Goal of the exercise:
Write out exactly the lines running from the one with "A Royal Albert" to the end of the data, including both of those lines and excluding pictures.

Recorded information:
== Segment start ==

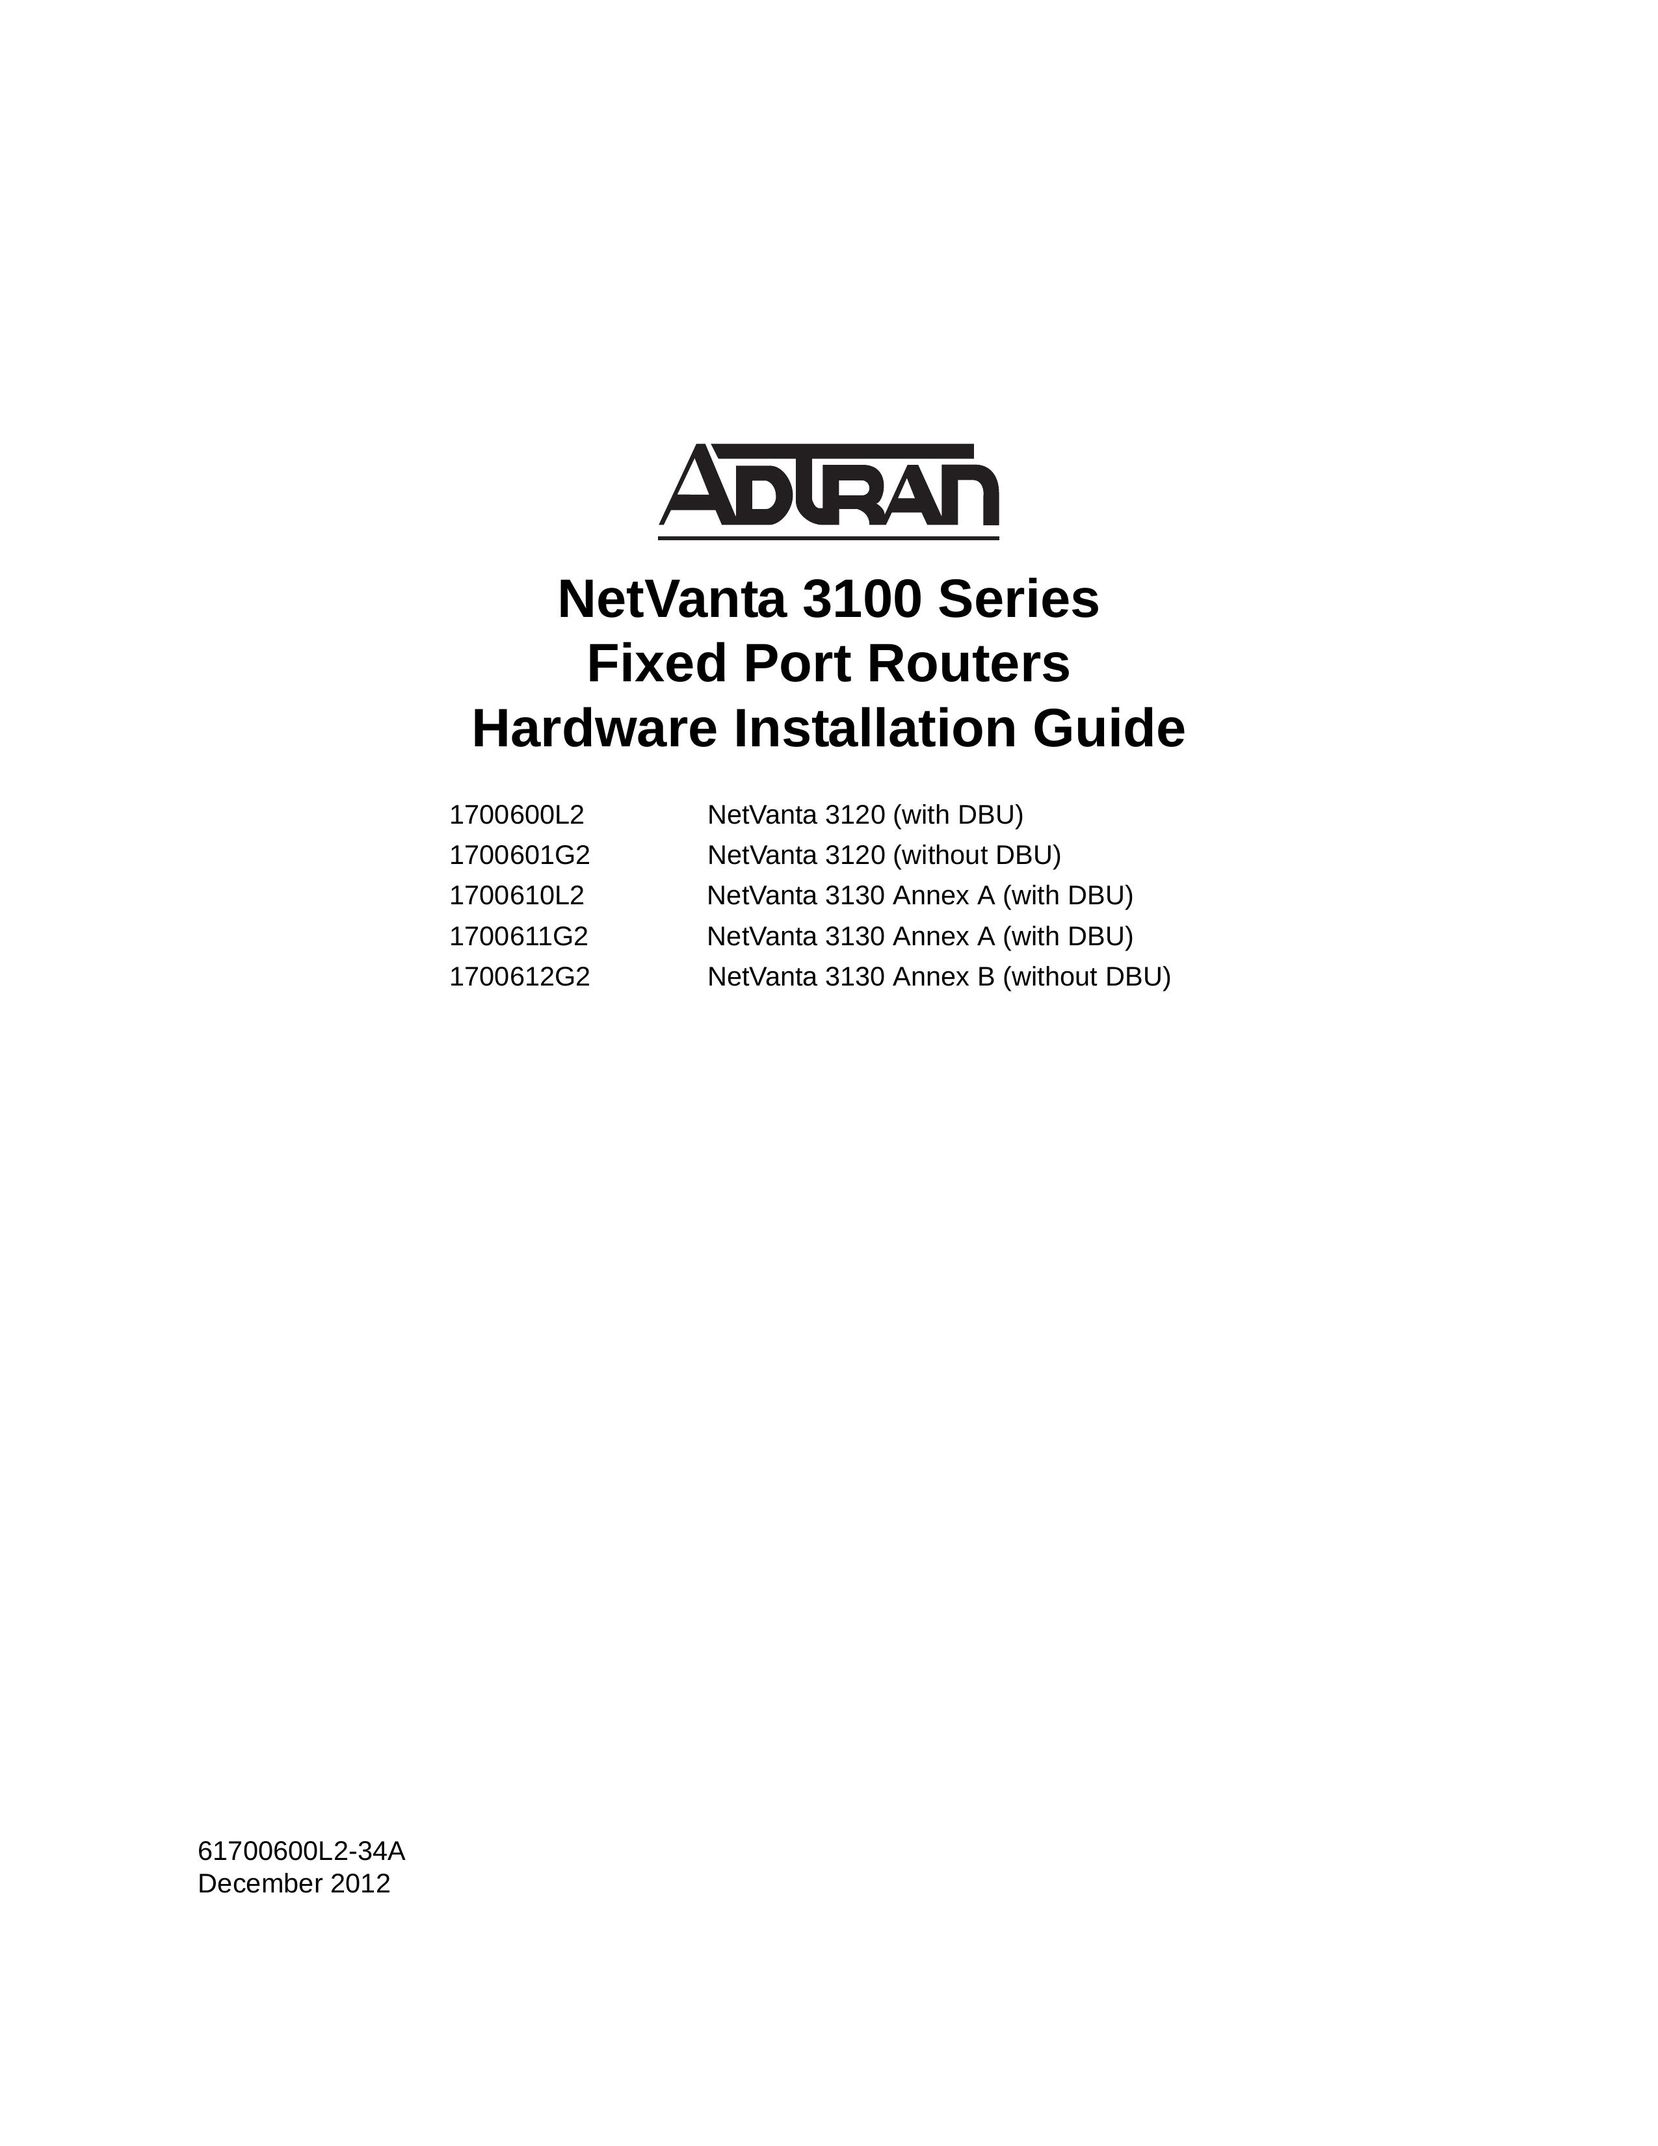 ADTRAN 1700601G2 Network Router User Manual
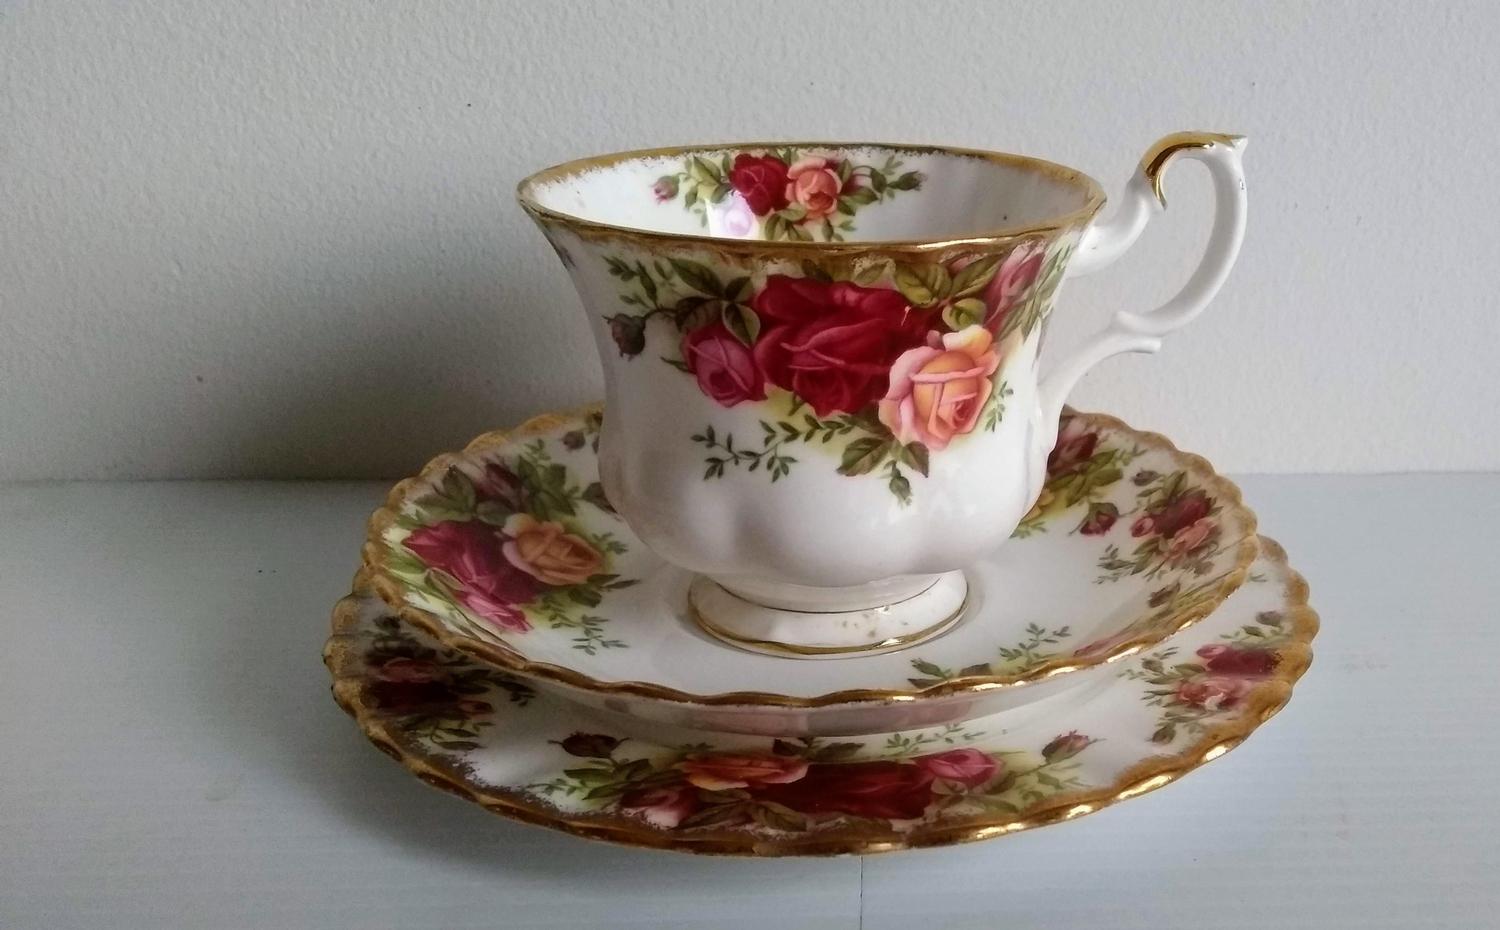 A Royal Albert Old Country Roses tea service comprising 6 cups/saucers/plates, sugar bowl, jug and
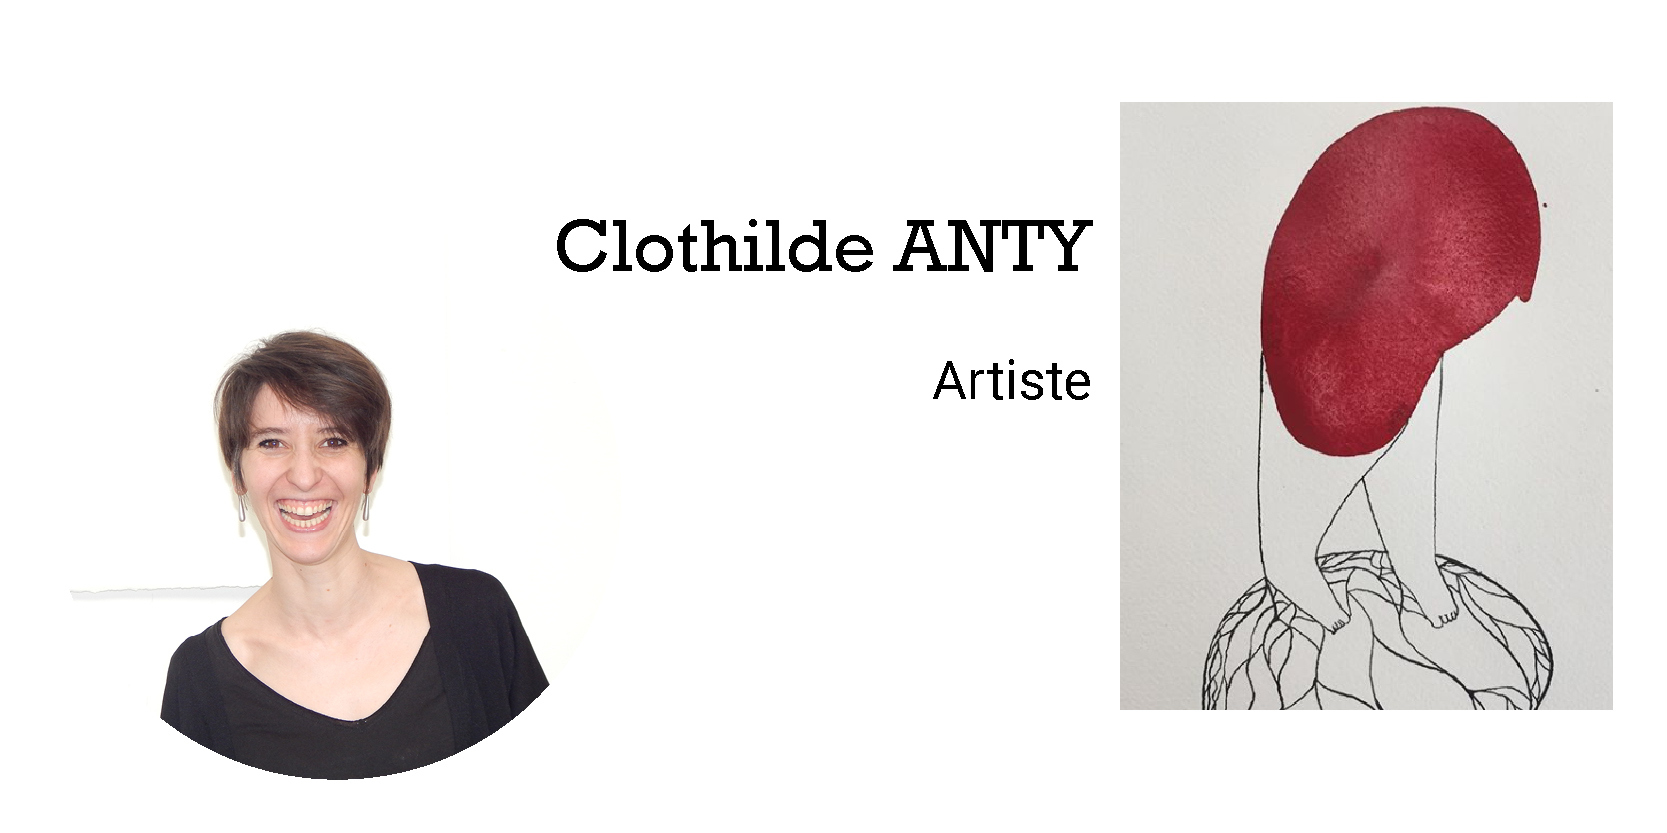 Clothilde Anty

== Segment end ==

Your solution:
 A Royal Albert Old Country Roses tea service comprising 6 cups/saucers/plates, sugar bowl, jug and
 Clothilde Anty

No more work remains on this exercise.